Model Design Assumptions

The model was trained with several simplifications:

  • No weather, DNF, or crash flags
  • No safety car data
  • Grid positions treated as linear (not accounting for overtaking probability)
  • Constructors and drivers encoded as flat categorical variables

Even with these simplifications, the model can often place drivers within a few spots of accuracy.


Improvements I’d Like to Add

  • Weather API integration
  • Include qualifying time deltas
  • Use time gaps instead of just grid numbers
  • Add more circuits to training dataset
  • Use real telemetry (like top speed or sector times)

These changes will require changes not only in data ingestion but also in how input forms are constructed.


Model Training and Validation Strategy

When preparing the model behind this app, I followed a straightforward yet effective training pipeline. The raw dataset included hundreds of races, each with driver metadata, constructor, circuit, and race outcome. I focused only on races where the driver completed the event.

Feature Engineering

Features I used:

  • Driver Name (categorical)
  • Constructor (categorical)
  • Circuit (categorical)
  • Grid Position (numerical)
  • Number of Pit Stops (numerical)
  • Fastest Lap Time (float)

All categorical features were converted using OneHotEncoder. Numerical features were normalized. Lap times were parsed and cast as floats.

Target

The target was the final race position, treated as a regression target (not classification). This gave the model flexibility to output positions as floating values, even if not realistic. I later rounded predictions in the app.

Validation

I split the dataset using a train_test_split with a fixed seed for reproducibility. I ran RMSE and MAE metrics, and found the error to be under 3 grid positions on average.

This model is not ensemble-based. I avoided XGBoost or random forests for simplicity. But even a linear model, when trained properly and feature-engineered well, can capture meaningful signals.

Model Export

I saved the final model using joblib as:

joblib.dump(pipeline, "models/race_outcome_pipeline.joblib")

I uploaded this file in the GitHub repo so the Streamlit app could load it at runtime.


Other AI Projects in My Pipeline

This app is part of a larger portfolio of interactive ML applications. I am building:

  • Resume Analyzer using spaCy and Streamlit
  • Image Classifier for semiconductor defects
  • Travel Planner with NLP-based itinerary builder
  • Sentiment Tracker across news headlines
  • Fire Risk Detector from sensor input

Each project includes a blog post, model file, Streamlit frontend, and GitHub documentation.
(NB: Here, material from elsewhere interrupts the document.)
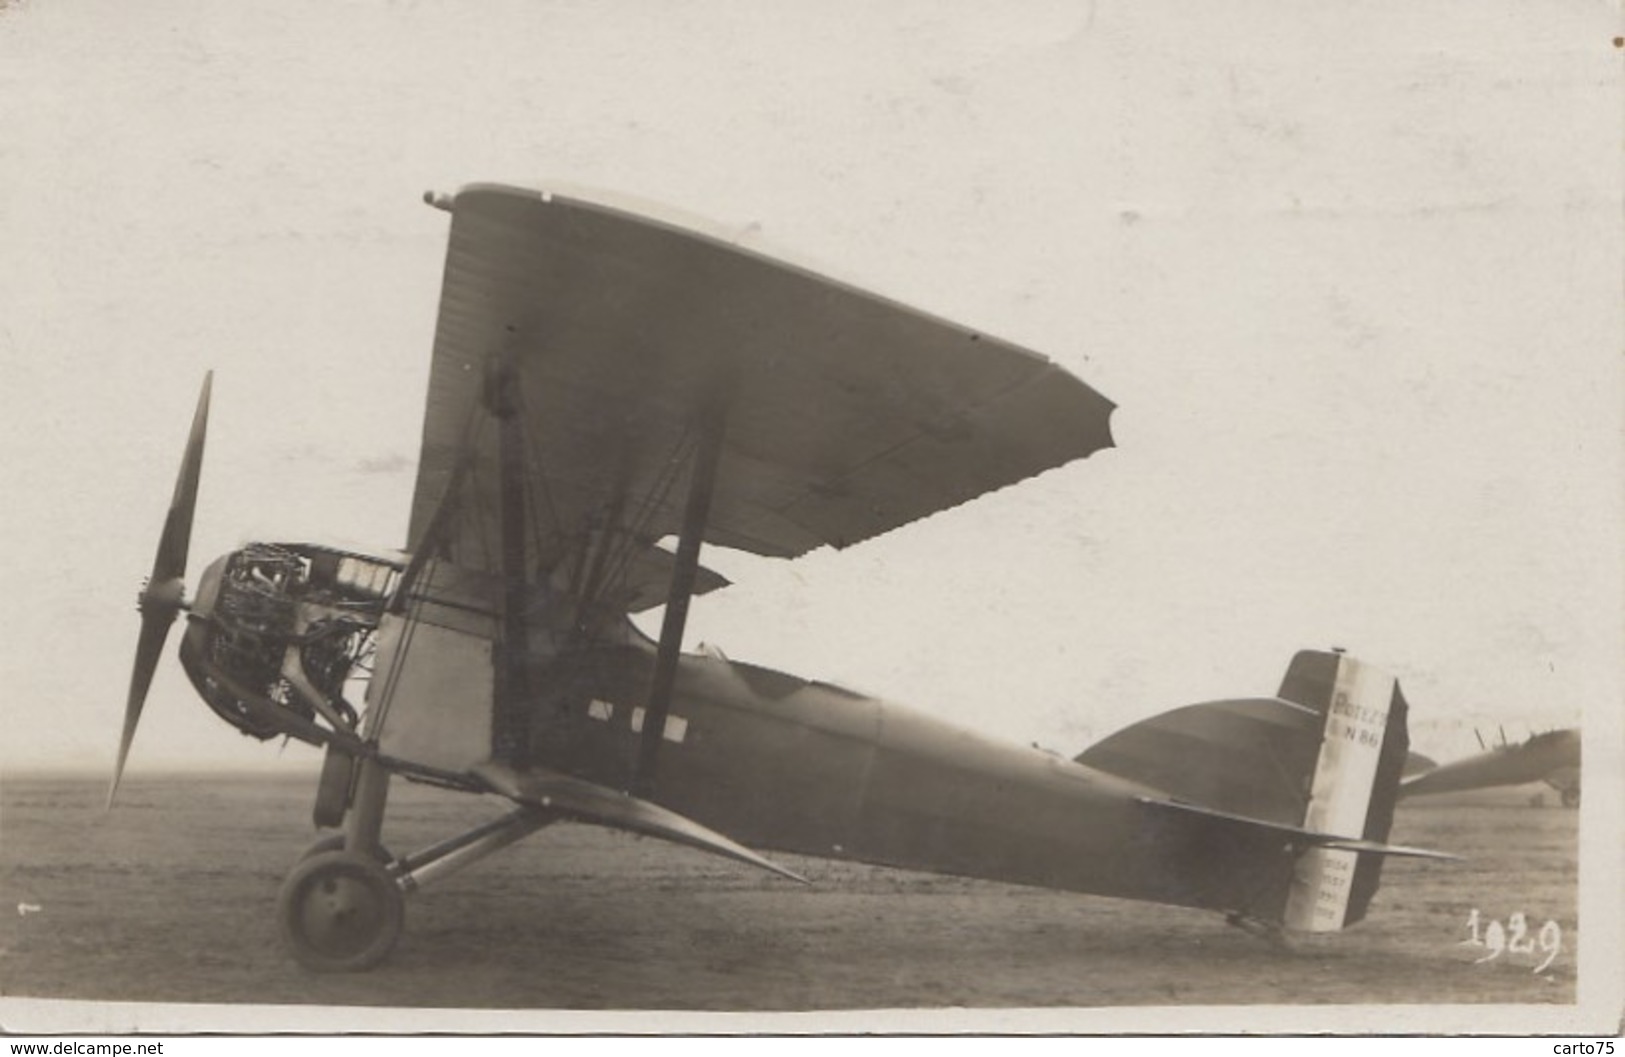 Aviation - Avion Potez - Metz 1929 - Correspondant Mopin Parfums Isabey Ile-Saint-Denis - Carte-photo - 1919-1938: Between Wars

My goal is to showcase deployable, recruiter-facing work across AI domains.

Feedback and Community

If you use this app or build on it, I’d love to hear your thoughts. Fork the GitHub repo. Submit pull requests. Try it with other motorsport data.

The future is not in model complexity—it’s in accessible ML tooling. This project proves that.


Streamlit Architecture Notes

Streamlit is reactive. Every time a user interacts with an input, the whole script reruns from top to bottom. That’s why caching is critical. The @st.cache_data and @st.cache_resource decorators reduce unnecessary reloads of models and static files.

Rerun Flow

  1. Imports load every time
  2. Cached functions reuse memory if input hasn’t changed
  3. All widgets re-render
  4. If a button is clicked, the if st.sidebar.button() block executes

In this app, I ensured model loading and CSV loading were isolated and cached. Without this, every interaction would re-read files and reload the pipeline, making the app slow.

UI Controls vs Logic

I separated UI input logic (widgets) from prediction logic. This makes the app easier to test and debug. I also wrapped all transformations into small helpers that are testable in isolation.

Streamlit’s ease comes from simple UI elements like selectbox, slider, and text_input. Combined with good Python practices, it can become a production-ready dashboard.


Frequently Asked Questions

Q: Can this predict real F1 results?

No. This is a demonstrator. It does not include real-time car telemetry, weather, or DNF risk.

Q: Can I train it on other motorsport data?

Yes. You’ll need to adapt lookup CSVs, retrain a pipeline, and update the feature engineering.

Q: Is this app expensive to run?

Not at all. It uses Streamlit’s free tier, joblib, and small model files.